Ibu saya adalah pekerja kantoran yang cukup sibuk. Semasa kecil hingga SD, waktu saya banyak dihabiskan bersama Aid dan nenek saya (saya biasa panggil Uti). Setiap hari Aid menunggu di depan gerbang sekolah, tempat antar-jemput anak-anak. Kadang bersama Uti. Ibu saya sementara itu disibukkan jika tidak dengan urusan kantor, maka dengan urusan perkooperasian di SD saat itu. Ibu saya waktu itu adalah pengurus koperasi.

Aid sudah mengurus saya hampir sejak saya dari lahir. Aid ibarat tante saya sendiri, jika tidak mau dibilang ibu kedua. Tiap ada urusan yang harus dikerjakan ibu saya tapi tidak bisa, Aid selalu menyikapinya dengan gesit. Kadang-kadang, Aid jadi penyeimbang bagi keputusan ibu saya yang kadang di luar akal. Pernah suatu hari, di tengah jalan sepulang dari liburan (sepertinya puncak), adik saya tiba-tiba ingin buang air besar. “Mau eek…” katanya merintih. Ibu saya, yang menyetir, langsung tancap gas pol-polan. Aid panik. “Nu jangan ngebut-ngebut!” Ybs punya ide lain: cari semak belukar, lalu biarkan adik buang air di sana.

Di rumah, Aid selalu duduk termangu (istilah Aid, ngglenuk) di depan TV. Biasanya pagi dan sore, di antara jeda pekerjaan rumah. Biasanya selalu ada cemilan seperti sambal dan ikan, serta segelas besar (gelas rootbeer A&W) es teh manis yang menemaninya menonton TV. Ibu saya sudah sering mengomeli Aid yang konsumsi gulanya luar biasa berlebihan, tapi namanya orang Jawa, sepertinya susah buat Aid buat menampik kebiasaan itu.

Di sore-sore seperti itu, saat saya sedang bermain Lego di dekatnya, kadang saya bertanya apa yang ditontonnya, saking seriusnya ybs terhenyak dalam tontonannya.
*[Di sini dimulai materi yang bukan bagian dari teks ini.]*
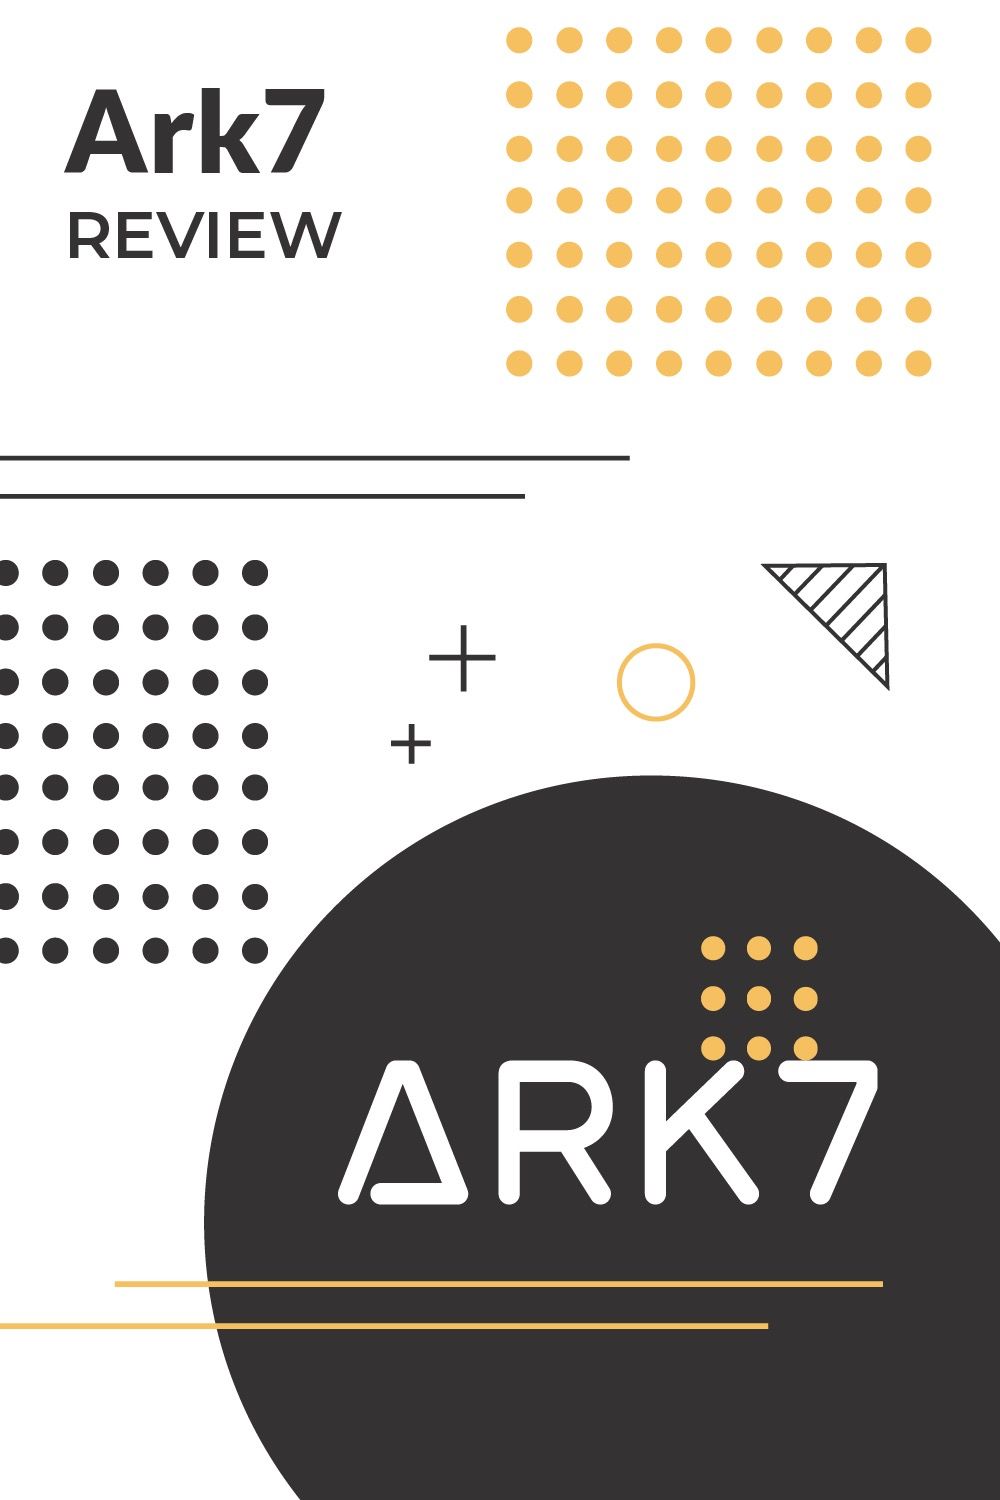 ark7 review pinterest image
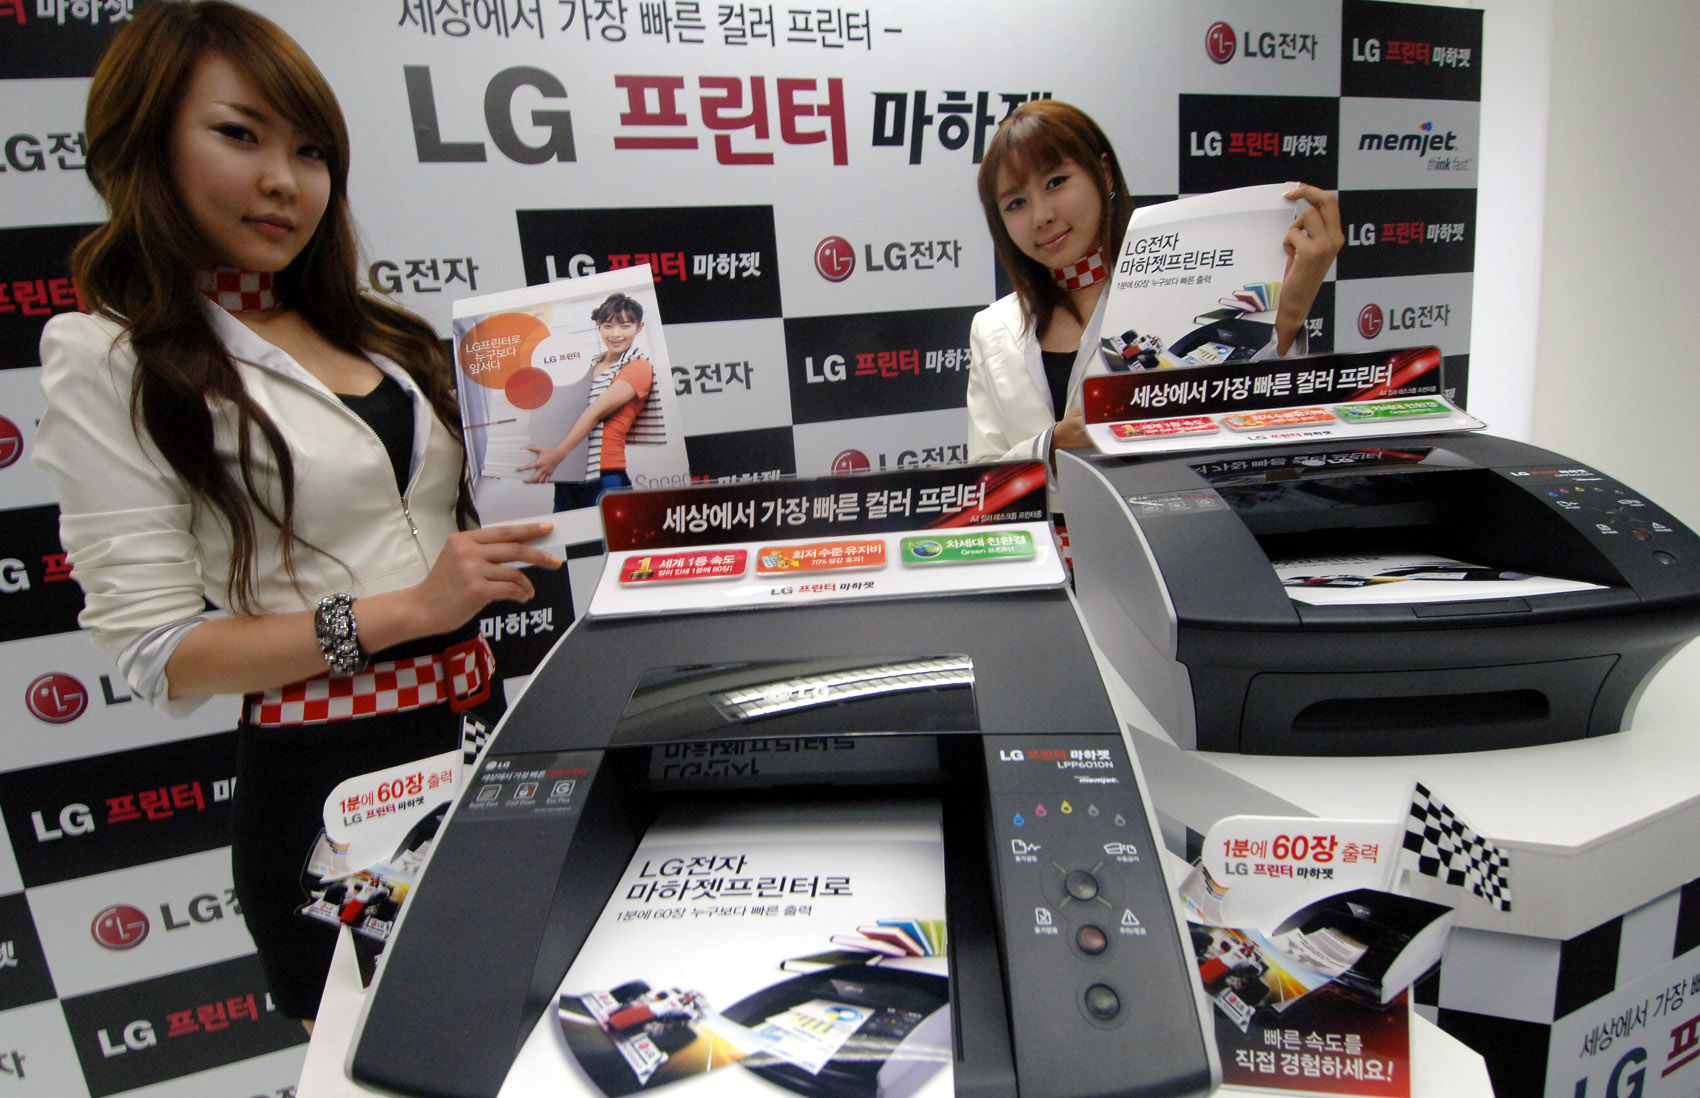 Two models introducing the LG A4 color desktop printer LG Machjet

Biasanya ybs tak berpanjang lebar menjawab saya. Aid yang agak gemuk dan berambut keriting pendek diikat itu hanya ngglenuk, asyik dengan tontonan dan makanannya.

Makanan bikinan Aid yang menjadi favorit saya adalah rawon. Aid sepertinya belajar dari juru masak paling andal di keluarga saya: Eyang Uti. Setiap kali Aid pulang kampung ke Klaten, kemudian kembali ke Jakarta, Aid selalu membawakan telor asin khas Klaten. Telor-telor asin itu kuning telornya berwarna merah, sedap sekali. Biasanya Aid akan memadukannya dengan rawon masakannya. Dulu saya selalu menanti masakan itu. Kadang-kadang bahkan saya gado, makan dengan lauknya saja, dan ujung-ujungnya saya habiskan. Aid sering mengomel kalau tahu saya mencuri jatah seperti itu. Katanya: jangan dihabiskan sendiri, pikirkan yang lain. Sepertinya omelan-omelan itu yang sekarang membuat saya jadi lebih sering menyisakan makanan yang dihidangkan di meja makan (walau cuma beberapa potong sih biasanya).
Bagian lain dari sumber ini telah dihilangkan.